New RLVR method reformulates reward-based LLM training as classification problem
A new research paper proposes Rewards as Labels (REAL), a framework that reframes reinforcement learning with verifiable rewards as a classification problem rather than scalar weighting. The method addresses fundamental gradient optimization issues in current GRPO variants and demonstrates measurable improvements on mathematical reasoning benchmarks.
New RLVR Framework Reformulates Reward-Based LLM Training as Classification Problem
A new arXiv paper (2602.05630) proposes a fundamental rethinking of how reinforcement learning with verifiable rewards (RLVR) trains large language models on complex reasoning tasks.
The paper identifies two core inefficiencies in current RLVR methods like GRPO: "Gradient Misassignment in Positives" (where correct solutions receive suboptimal gradient signals) and "Gradient Domination in Negatives" (where incorrect solutions disproportionately influence training). These issues lead to unstable and suboptimal policy updates.
The REAL Framework
Instead of treating rewards as scalar weights, the authors propose Rewards as Labels (REAL), which recasts the problem as categorical classification. The framework introduces anchor logits to enhance policy learning and mathematically ensures "monotonic and bounded gradient weighting" that distributes gradients evenly across rollouts.
This geometric shift—from scalar reward weighting to classification—produces more balanced gradient allocation and directly mitigates the identified gradient pathologies.
Benchmark Results
Experiments on mathematical reasoning benchmarks show consistent gains:
- 1.5B parameter model: REAL improves average Pass@1 by 6.7% over DAPO (a strong GRPO variant)
- 7B parameter model: 6.2% improvement over DAPO, 1.7% over GSPO
- Stability: Even using vanilla binary cross-entropy loss, REAL remains training-stable and exceeds DAPO by 4.5% on average
The results suggest the framework is robust across model scales and loss function choices.
Technical Contribution
The core insight is conceptual: verifiable rewards naturally fit a classification framing (correct/incorrect) rather than continuous scalar optimization. By formalizing this and adding anchor logits (learned reference points), the method achieves better gradient flow without requiring specialized loss functions.
The paper provides theoretical analysis showing why REAL's gradient weighting avoids the extreme values that plague current methods, leading to more stable training dynamics.
What This Means
This work addresses a real pain point in scaling reasoning-focused LLMs: training instability and suboptimal convergence when using rule-based reward signals. The 6-7% Pass@1 gains are meaningful in the context of mathematical benchmarks where incremental improvements compound.

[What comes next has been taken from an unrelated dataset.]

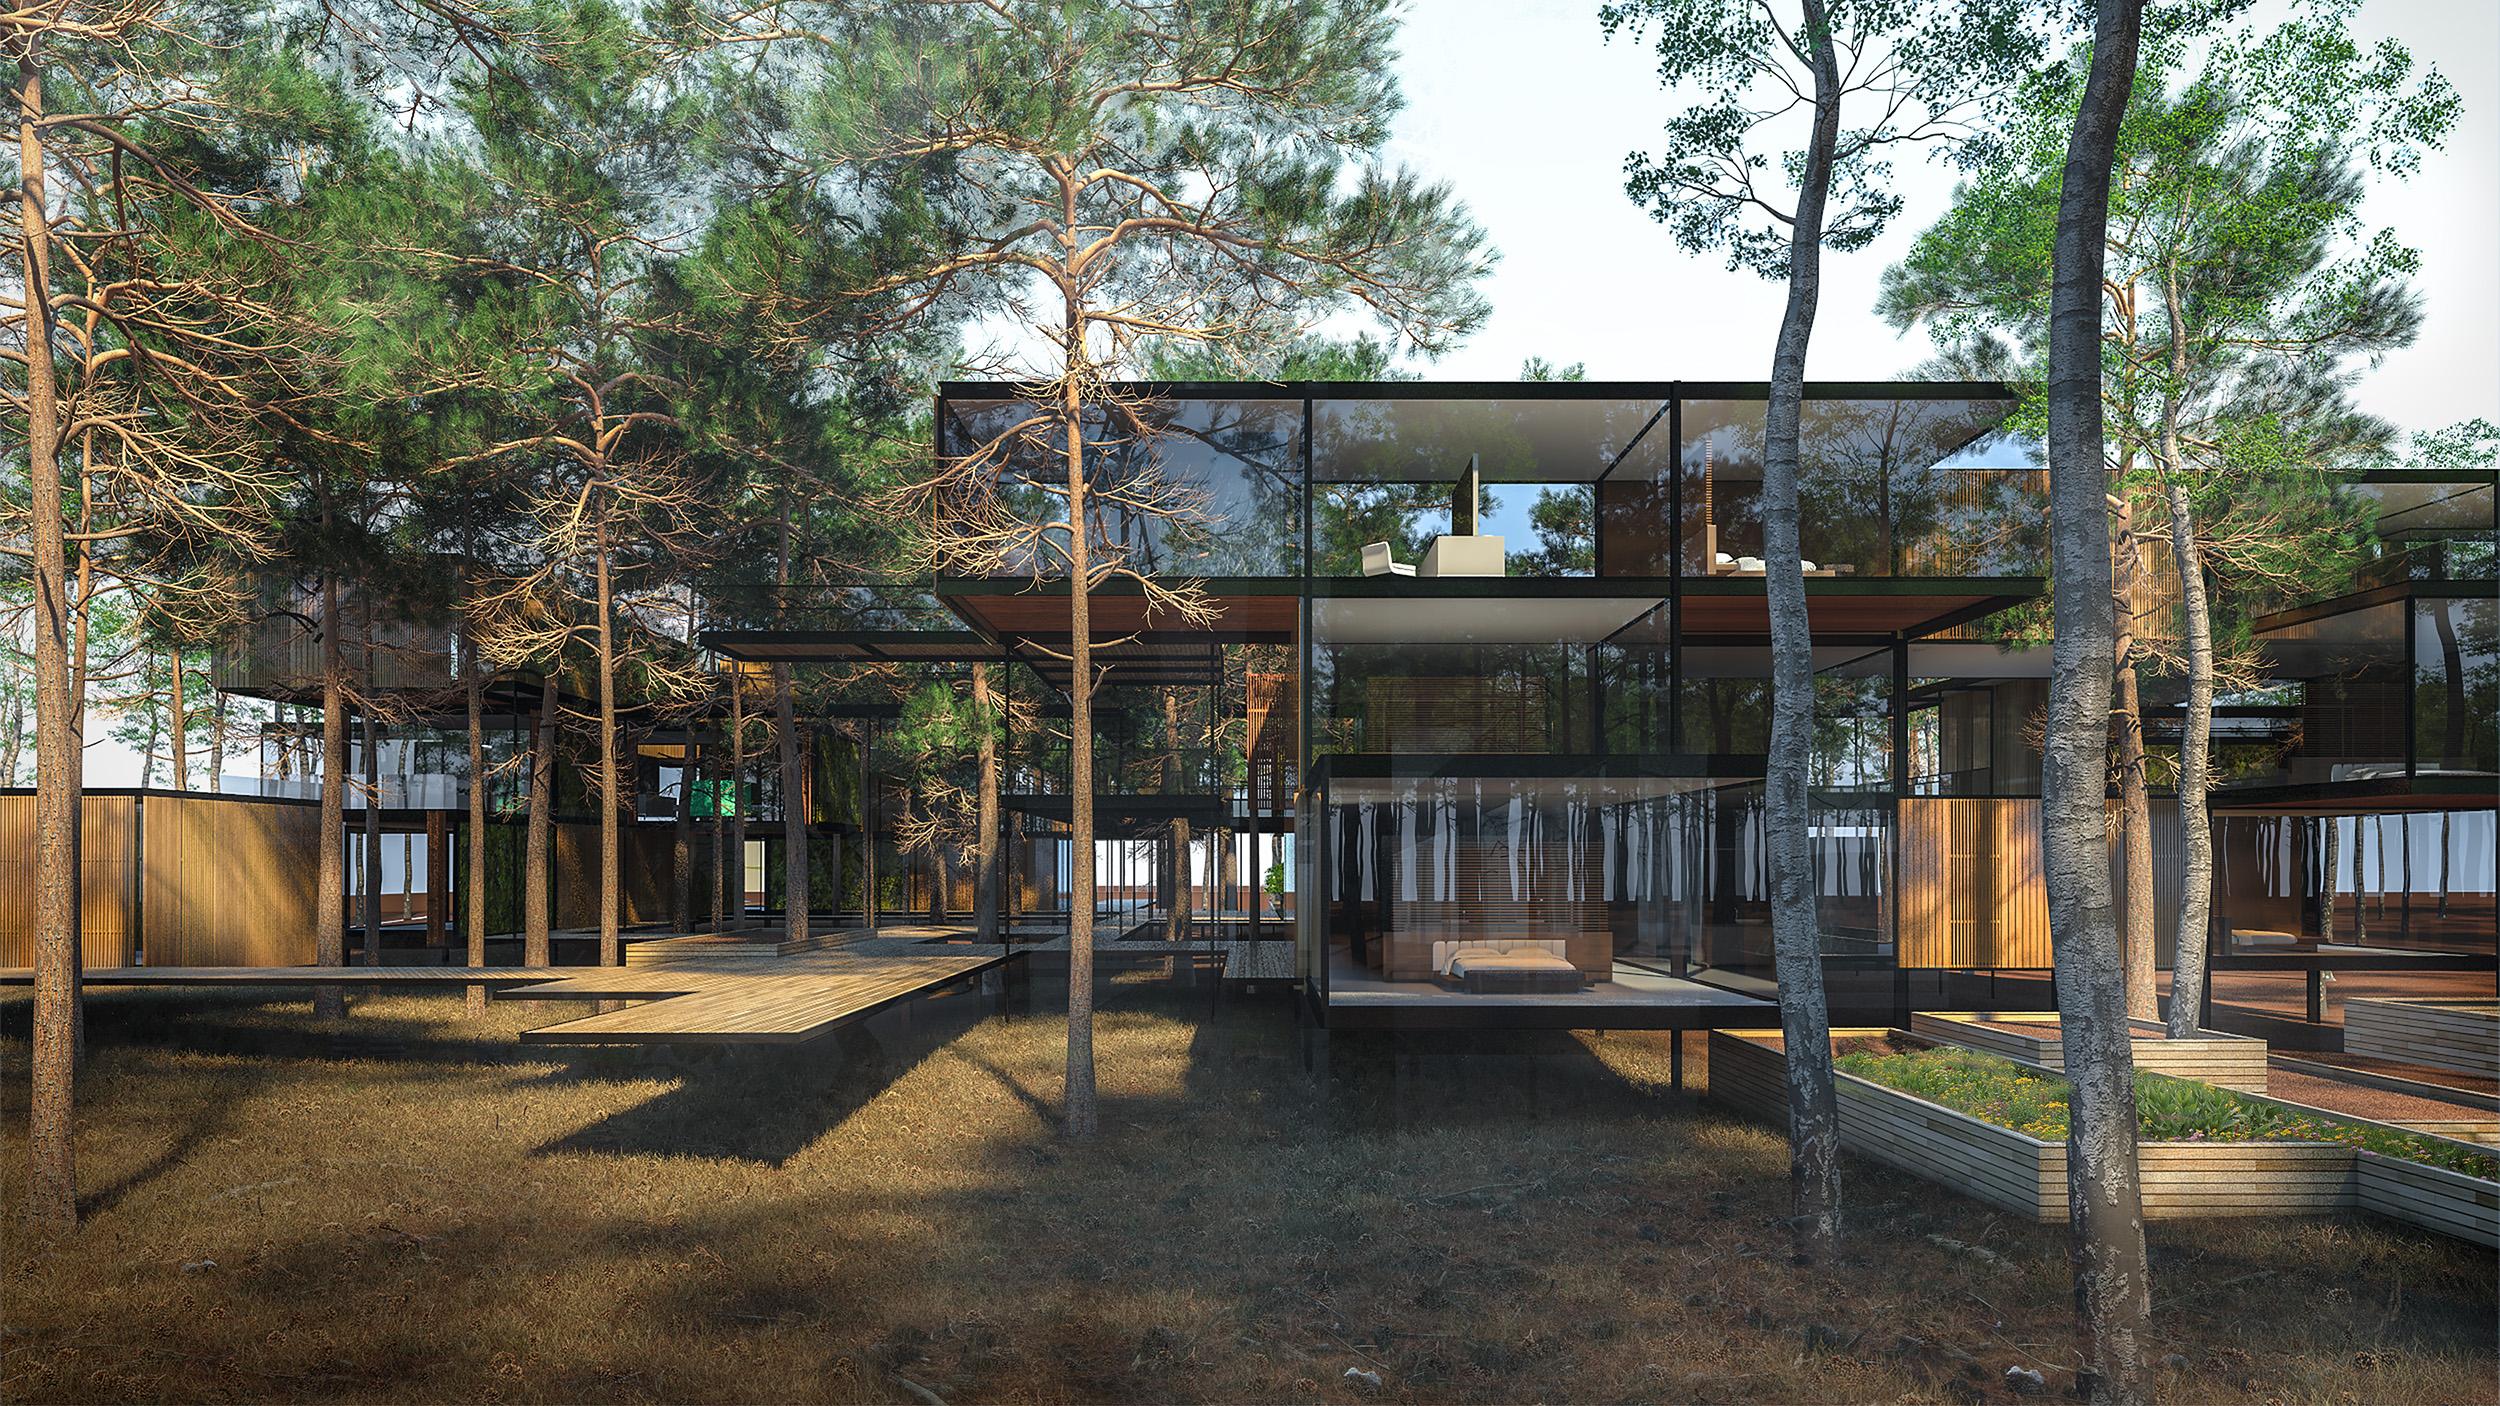 mth_vr_Hotel Habitaciones_View 01_a01.jpg
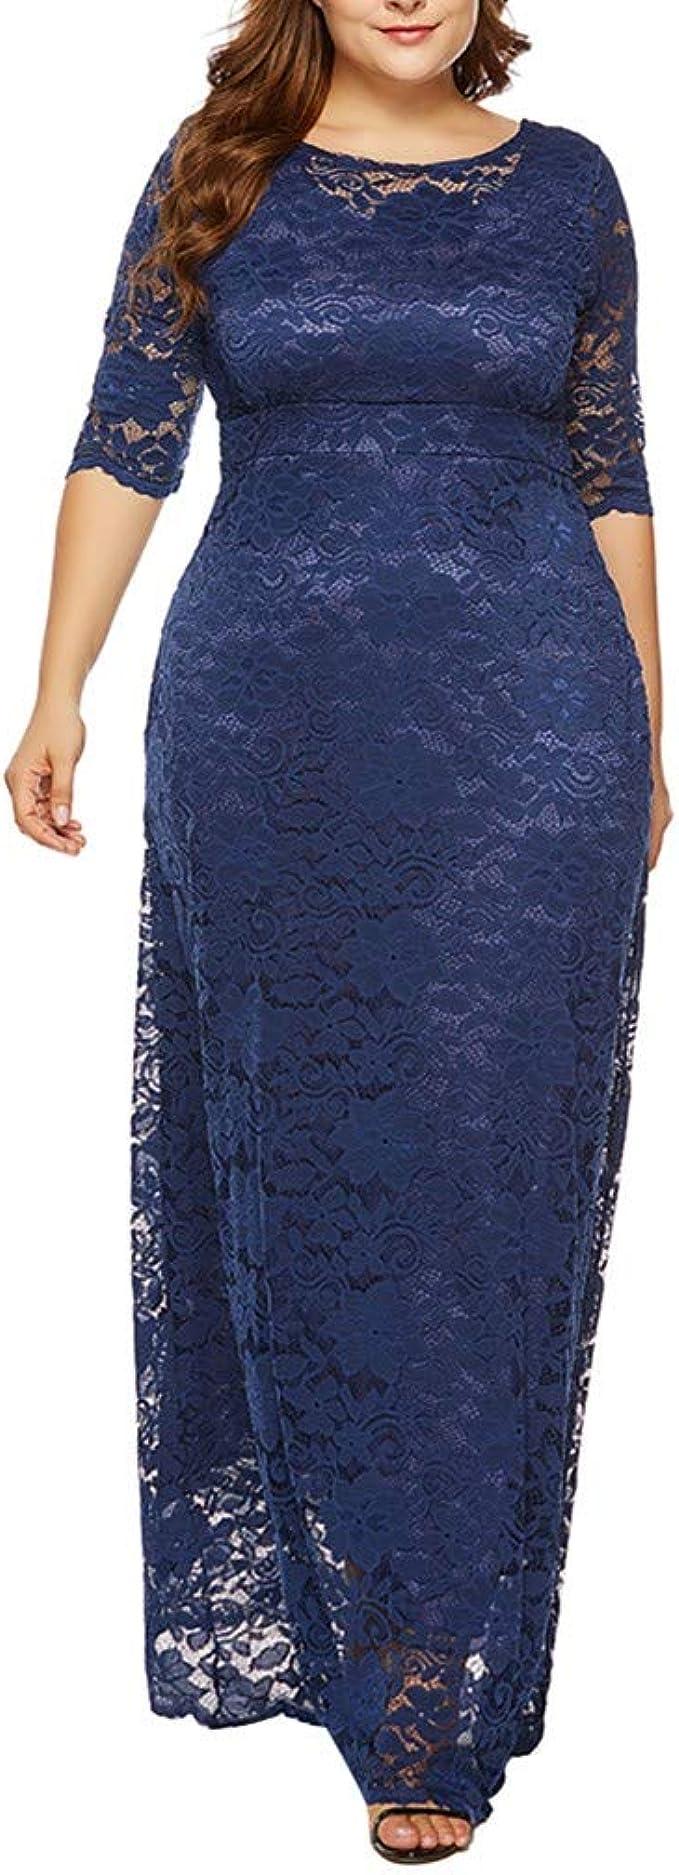 Damen Elegant Spitzenkleid Übergröße,Damen Vintage 8er Swing

If the method generalizes beyond mathematical reasoning (an open question the paper doesn't fully explore), it could become a standard approach for any RLVR application. The fact that it works with simple binary cross-entropy suggests practitioners won't need complex loss engineering to adopt it.
The framework is particularly relevant as more labs pursue verifiable reward systems for code, mathematics, and formal reasoning tasks where ground truth can be mechanically checked.